▶ [What needs to be done]:
Each line of the listing below must be retyped exactly, with images left out.

▶ [Information supplied]:
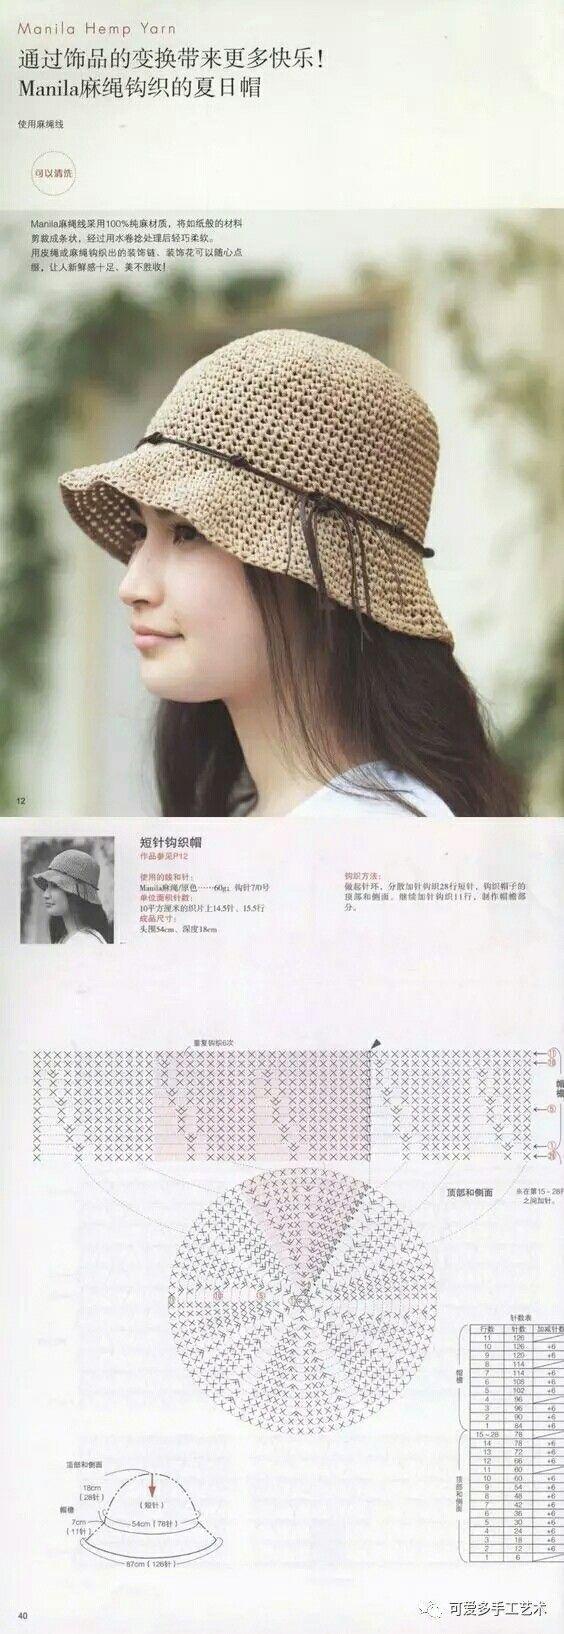 8 best 패턴모자 images on Pinterest | Crocheted hats, Crochet hats ...
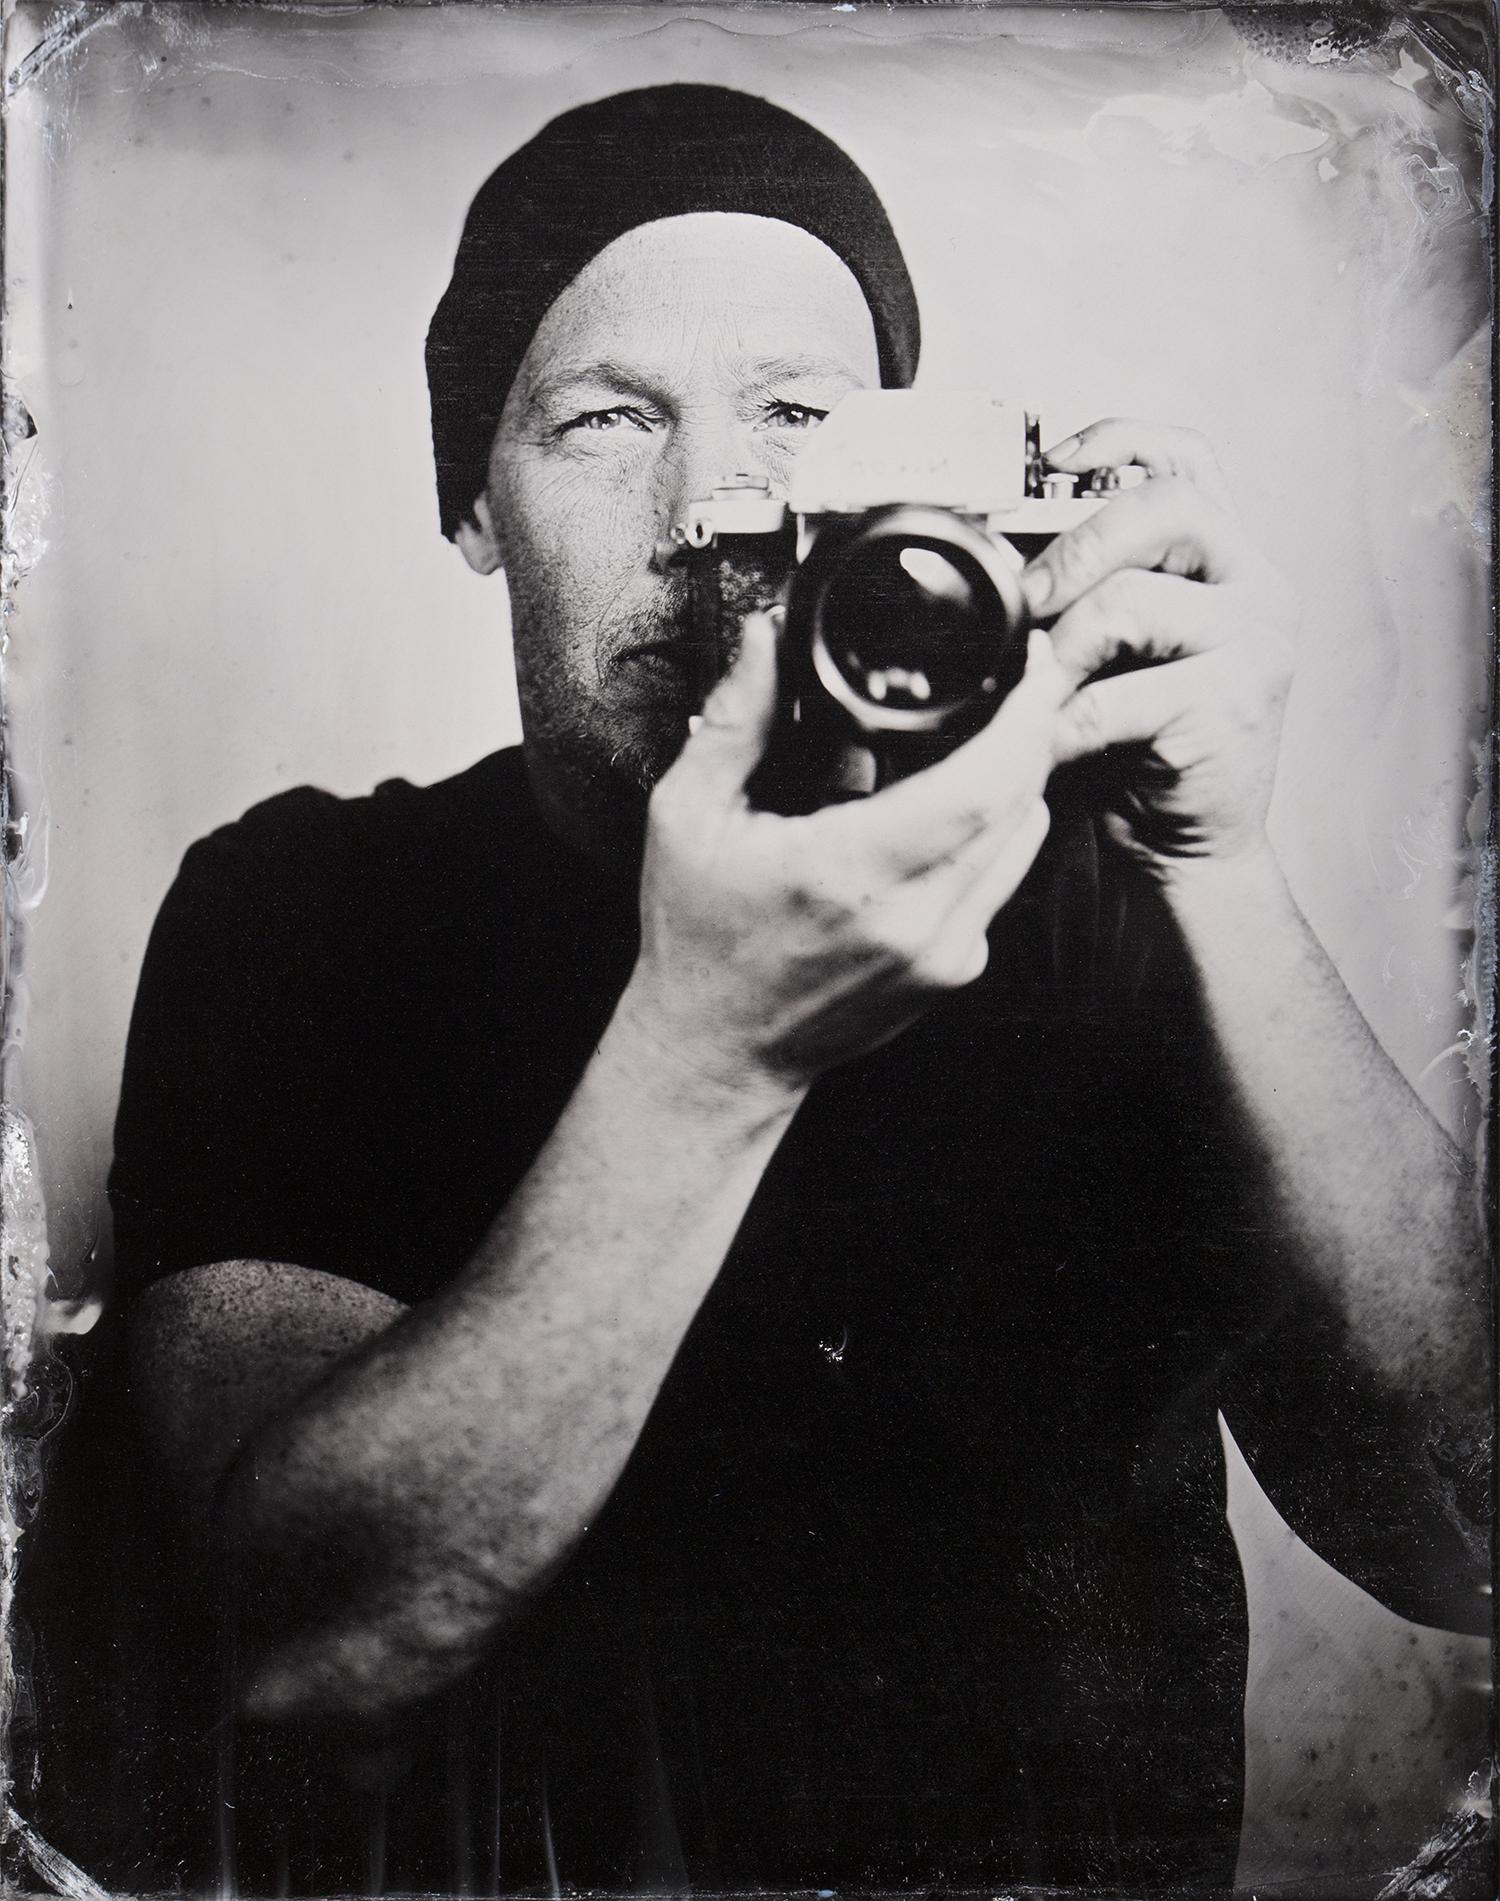 Tin Type , Chris Parsons , Tin Crown Photo , Tin Crown , New York City , Wet Plate Photography , Portraits , Chris Parsons Photography
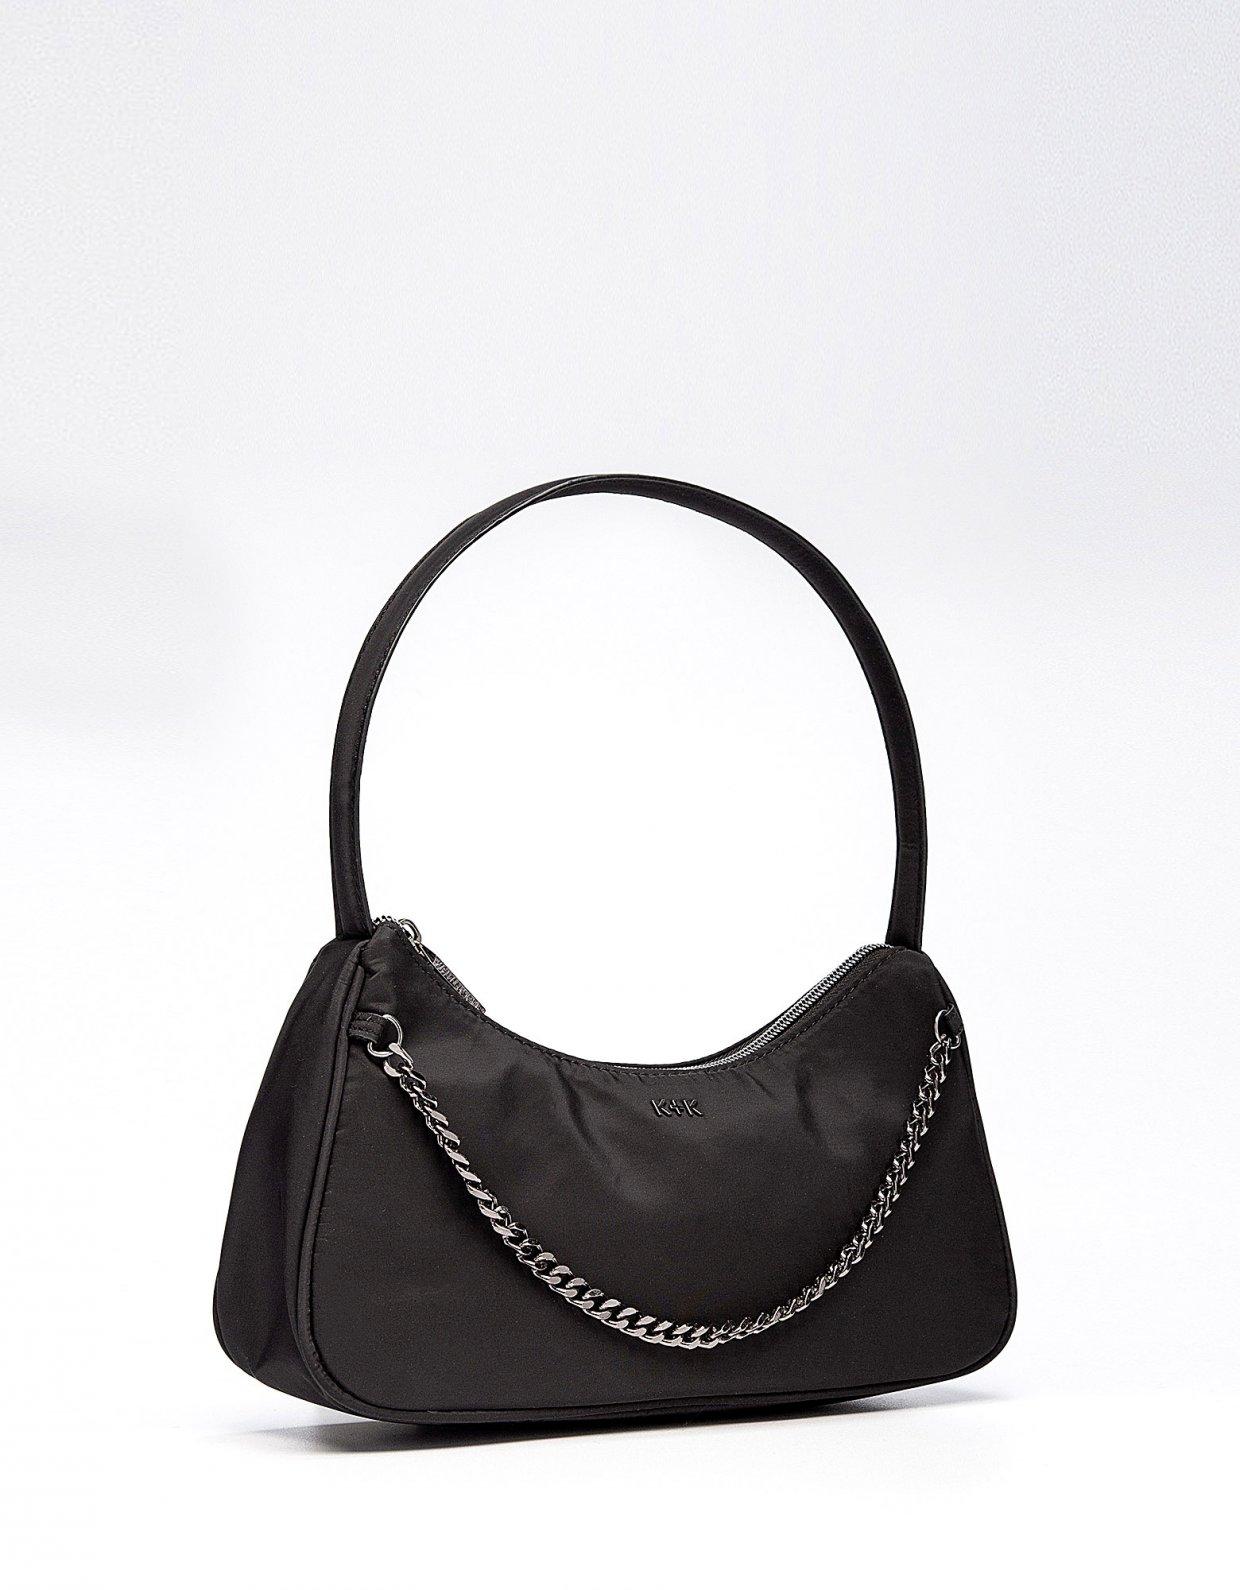 Kendall + Kylie Haisley hobo bag black

▶ [Solution to this exercise]:
 8 best 패턴모자 images on Pinterest | Crocheted hats, Crochet hats ...
 Tin Type , Chris Parsons , Tin Crown Photo , Tin Crown , New York City , Wet Plate Photography , Portraits , Chris Parsons Photography
 Kendall + Kylie Haisley hobo bag black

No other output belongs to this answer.